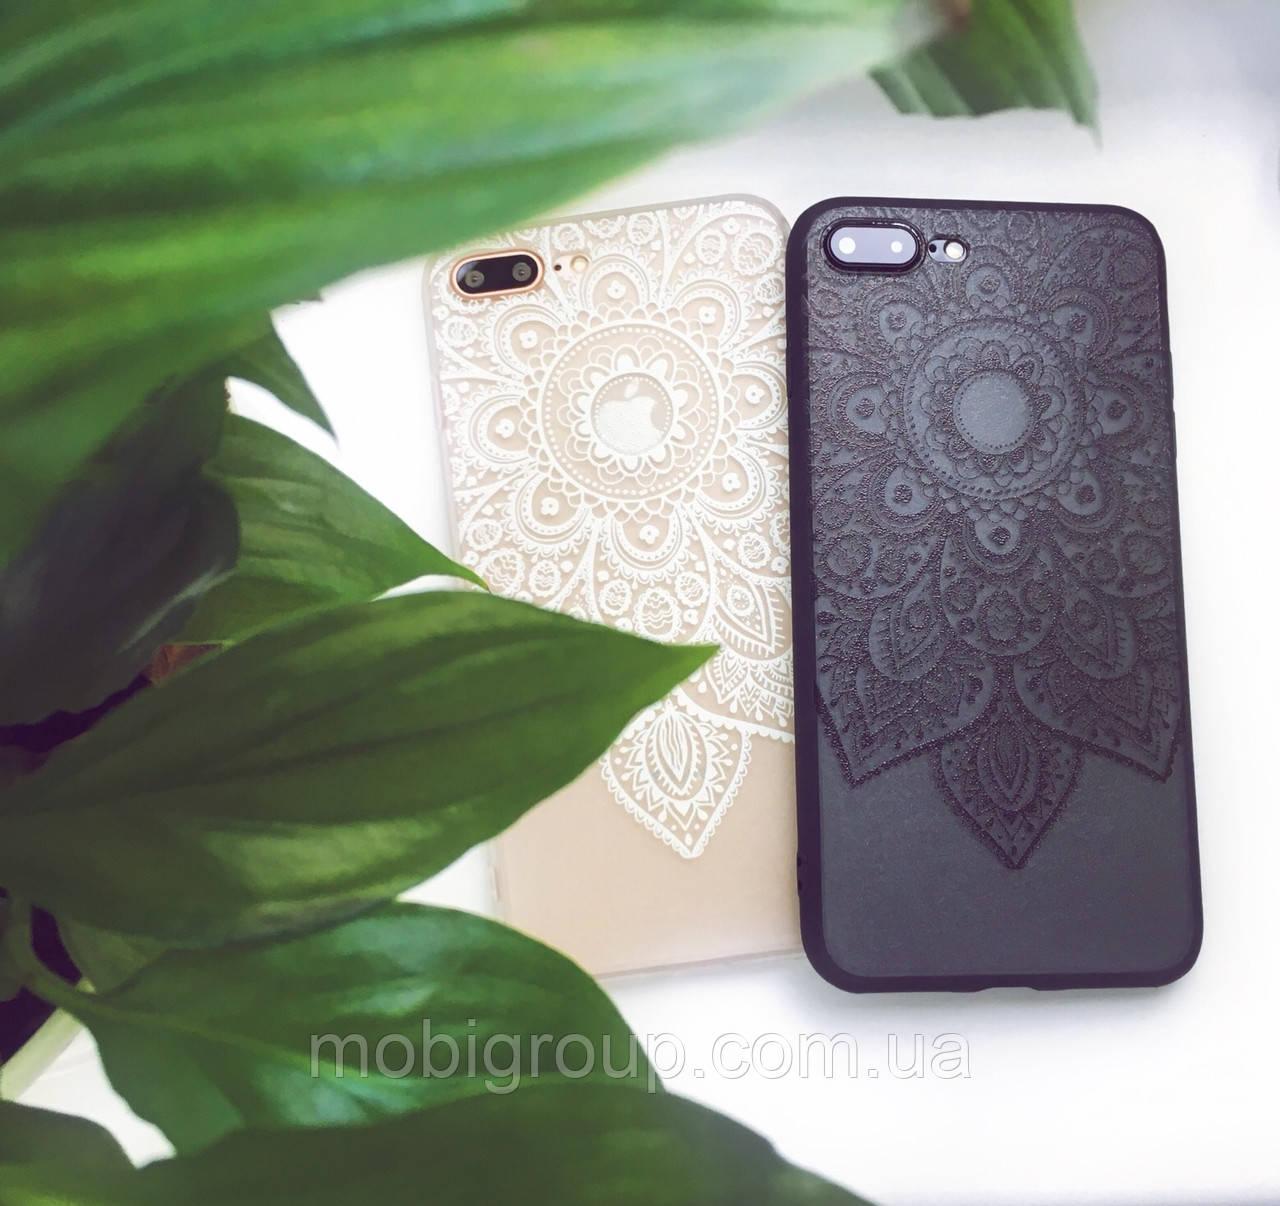 Винтажный пластиковый чехол с каучуковым бампером для iPhone 7 Plus
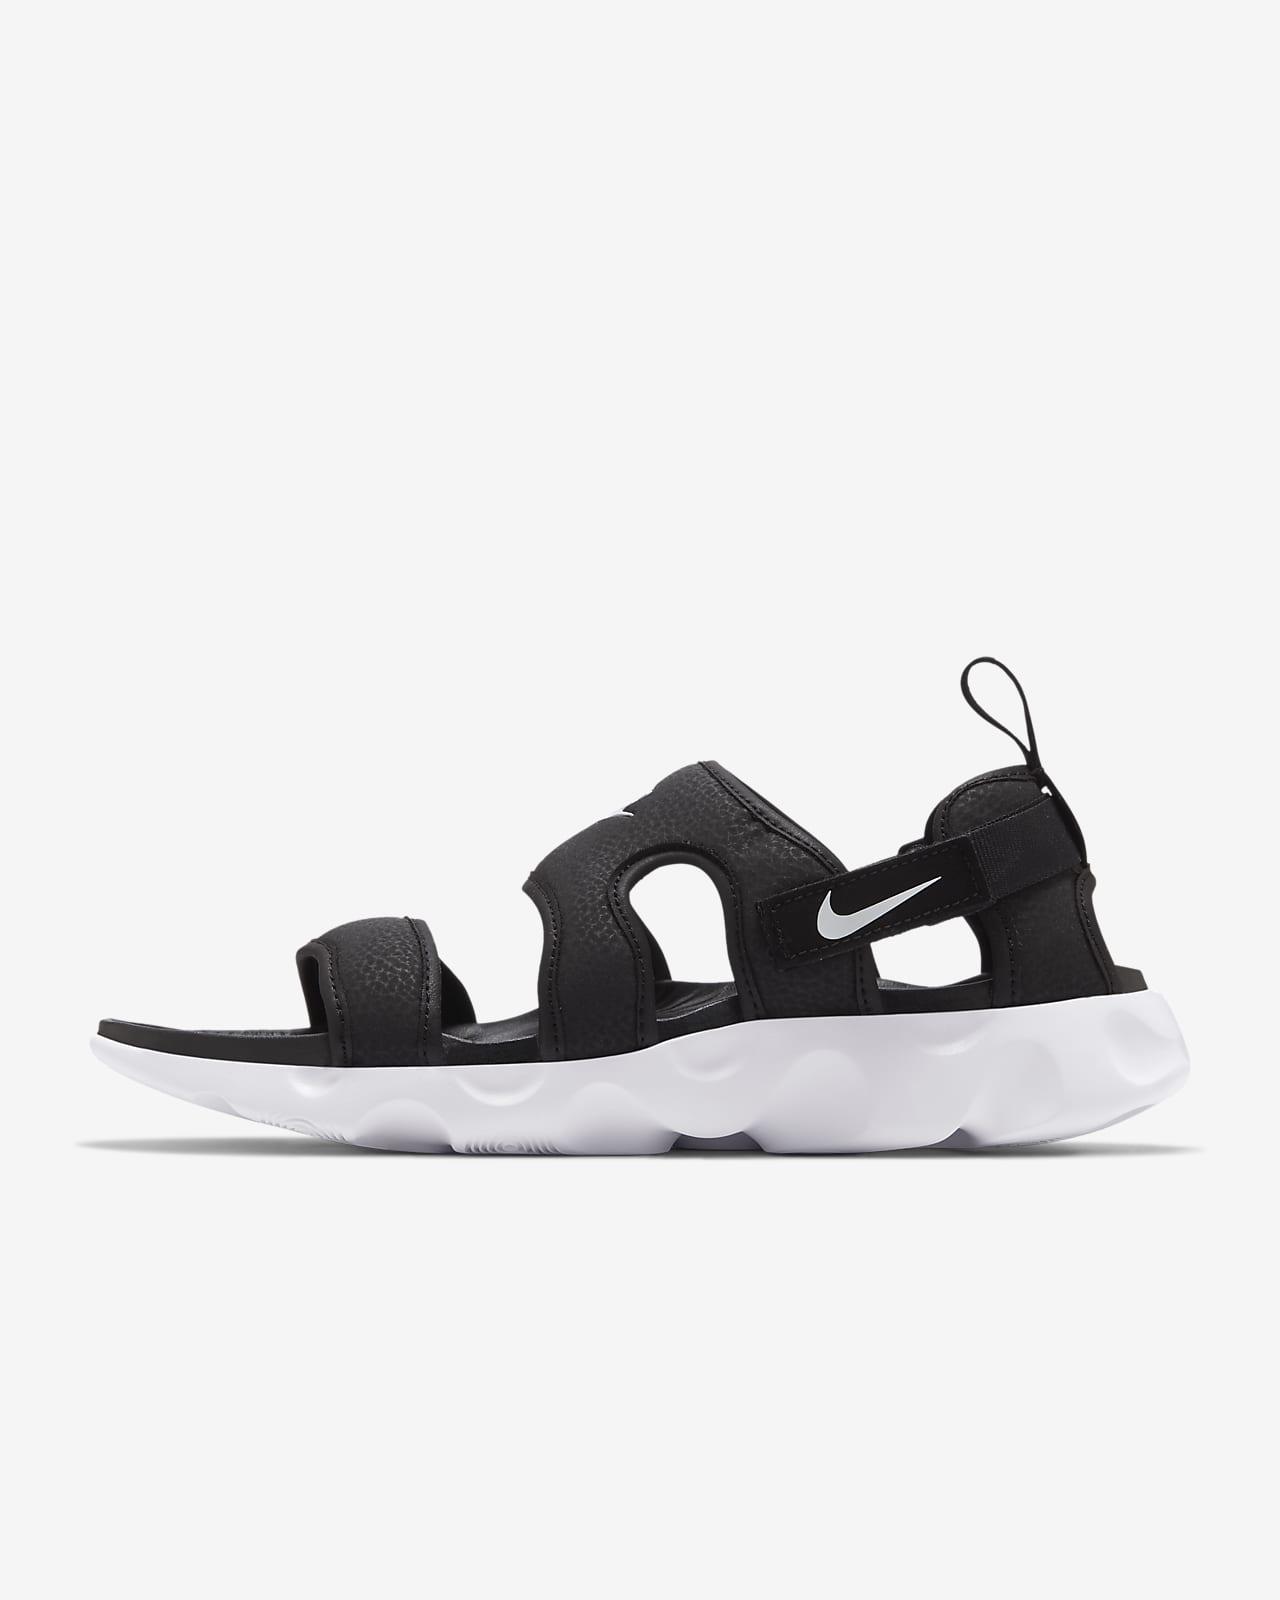 Nike Owaysis Women's Sandal
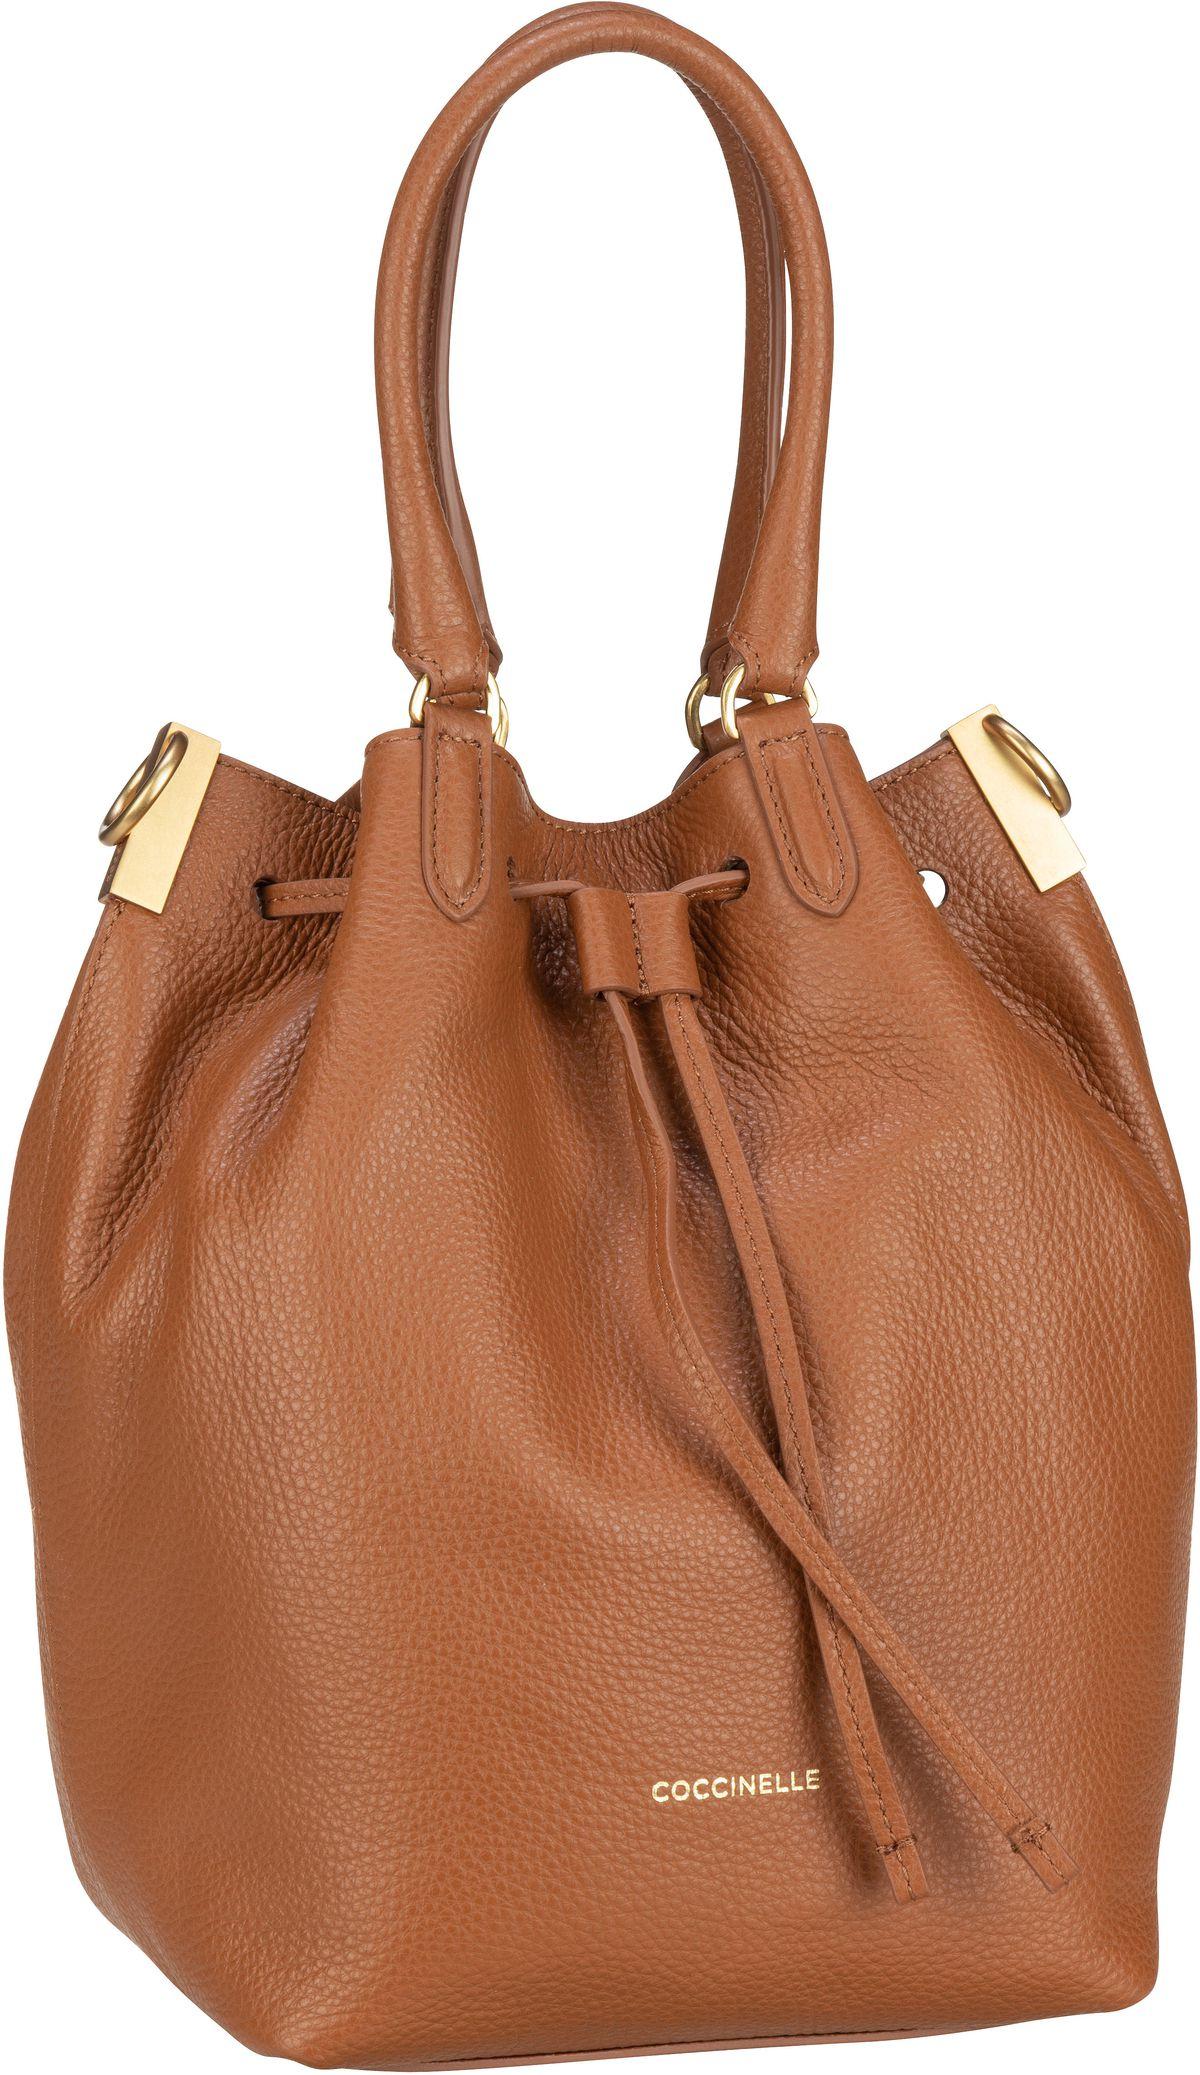 Handtasche Gabrielle 1802 Caramel

◇ ◇ ◇ ◇ ◇ ◇ ◇

> Task description: The data above should be returned in full, exactly as written, apart from its images.

> Problem solution:
 Винтажный пластиковый чехол с каучуковым бампером для iPhone 7 Plus
 Nike Owaysis Women's Sandal
 Handtasche Gabrielle 1802 Caramel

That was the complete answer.